Tuesday, January 20, 2009

Amazing


What a difference between the two.

President Bush couldn't speak publicly with any real meaning or emotion. He couldn't find the words or the tone to show how he truly felt.

President Obama could get just about anybody to stand up and support him. Every word was believable. You want as much as anything to believe that he will do what he says he will do.

Listening to his speech today gave me chills. I was proud of this country that we were able to look past the color of his skin and instead looked at the content of his character.

In my opinion this is the type of President that we need right now. Someone who brings people together no matter their walk of life. Someone who brings new faith to the position. Someone who is strong enough to carry the weight of this country and its imperfections on his shoulders. And someone who can get the people of this country to believe in each other and focus on the whole instead of the individual.

He is what we need right now....a common man who can't get through the swearing in without a slip up or two.
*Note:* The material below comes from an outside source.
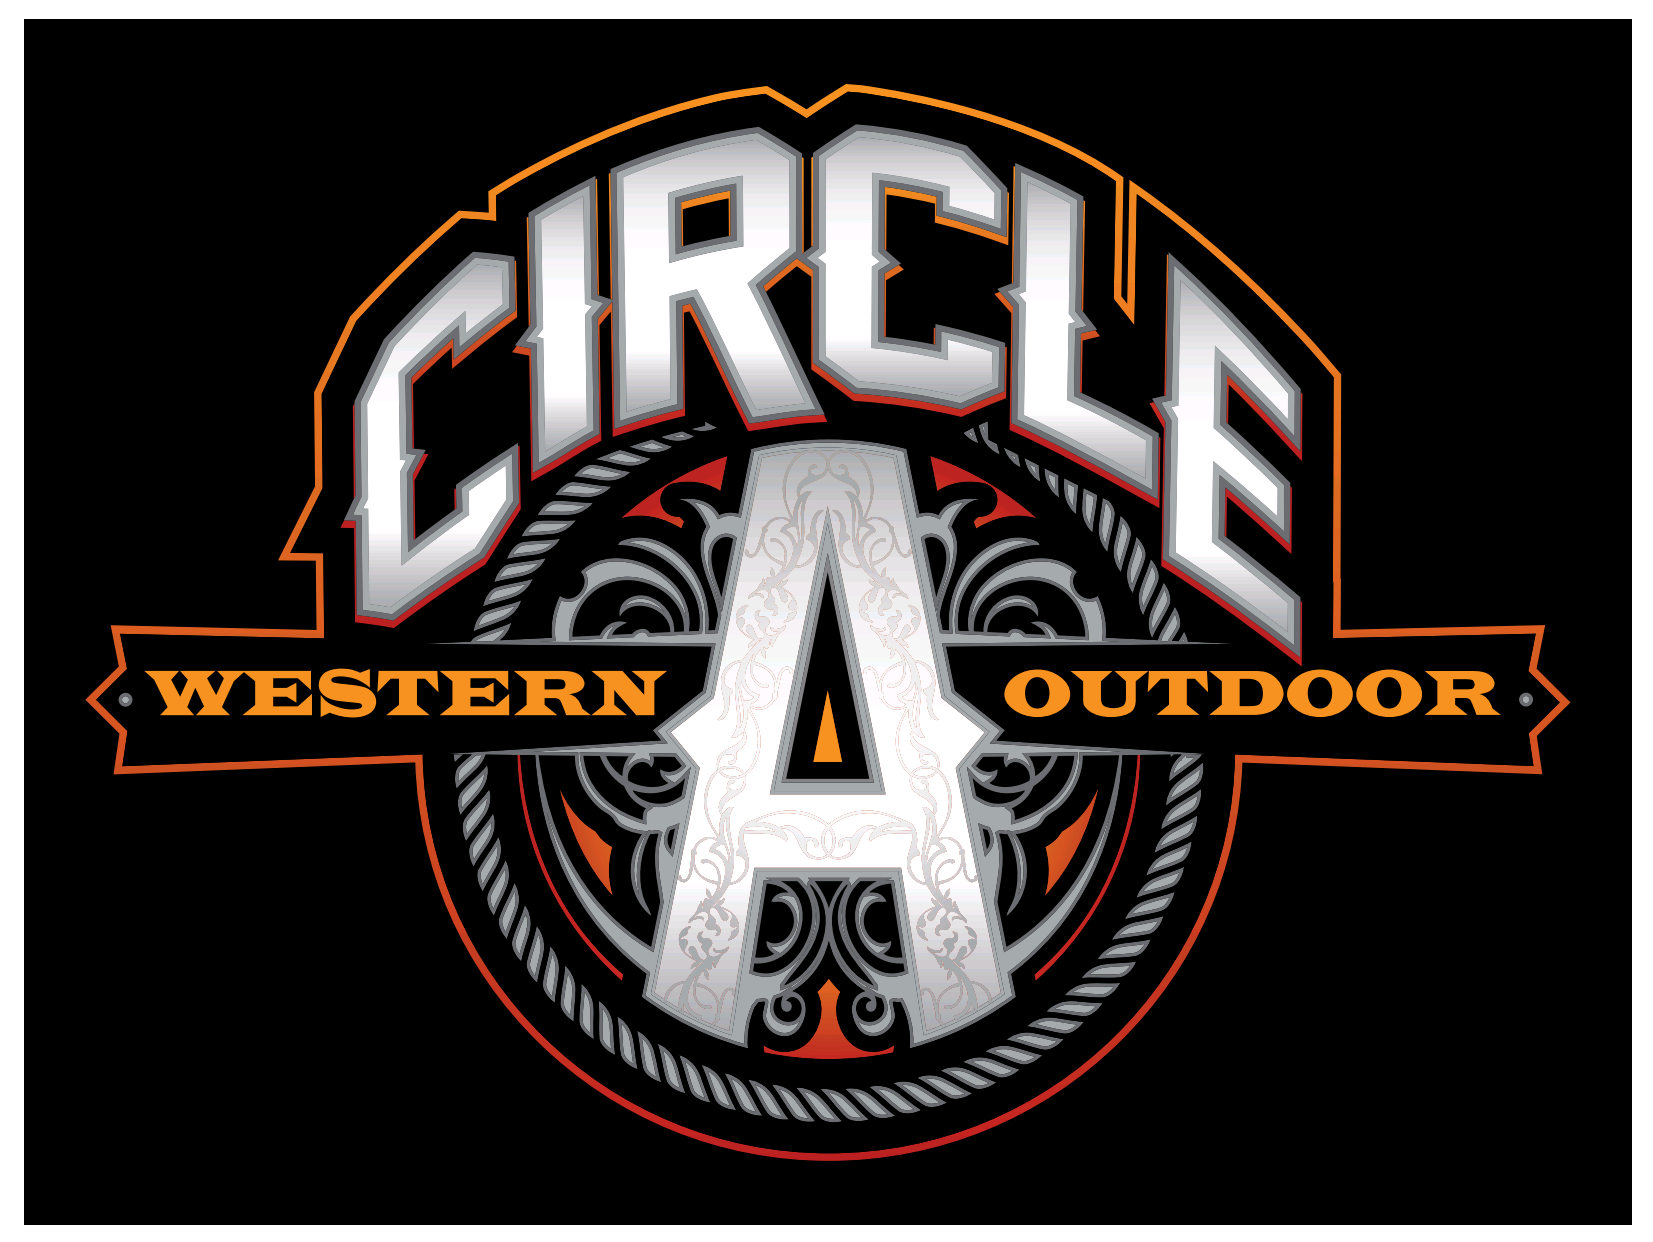 Circle A Western & Outdoor

Someone who isn't perfect and doesn't try to be.

He isn't perfect nor does he try to be. He is human. And that is what we need right now.

2 comments:

Jaime said...

Chief Justice Fumbles
January 20, 2009 12:45 PM

Chief Justice John Roberts is a man who has made very few public missteps in his life -- but he appears to have made one when swearing in Barack Obama. After Obama stepped on the first line of the oath, Roberts then slightly flubbed the next bit--which then tripped up Obama.


You'd think two brilliant Harvard Law grads who are both serious students of the Constitution (and obviously know the words of the oath by heart) would nail this one, but, then again, who among us has made history standing before two million people on a freezing January day?

The oath is contained in the Constitution:

"I do solemnly swear (or affirm) that I will faithfully execute the office of President of the United States, and will to the best of my ability, preserve, protect and defend the Constitution of the United States."

But when Obama jumped in sooner than Roberts expected, Roberts flipped some of the words, saying: "I will execute the office of president to the United States faithfully."

Here's the transcript:

ROBERTS: Are you prepared to take the oath, Senator?
OBAMA: I am.
ROBERTS: I, Barack Hussein Obama...
OBAMA: I, Barack...
ROBERTS: ... do solemnly swear...
OBAMA: I, Barack Hussein Obama, do solemnly swear...
ROBERTS: ... that I will execute the office of president to the United States faithfully...
OBAMA: ... that I will execute...
ROBERTS: ... faithfully the office of president of the United States...
OBAMA: ... the office of president of the United States faithfully...
ROBERTS: ... and will to the best of my ability...
OBAMA: ... and will to the best of my ability...
ROBERTS: ... preserve, protect and defend the Constitution of the United States.
OBAMA: ... preserve, protect and defend the Constitution of the United States.
ROBERTS: So help you God?
OBAMA: So help me God.
ROBERTS: Congratulations, Mr. President.

UPDATE: It's worth pointing out that Chief Justice William Howard Taft, who had been President himself, also flubbed the oath when he was swearing in Herbert Hoover in 1929. When Taft administered the oath, he said, "preserve, maintain and defend the Constitution," instead of "preserve, PROTECT, and defend." So where Roberts flipped a couple of words, Taft substituted an entirely new one.

http://blogs.abcnews.com/legalities/2009/01/chief-justice-f.html

verb said...

Well said my friend, I couldn't have said it better myself. haha!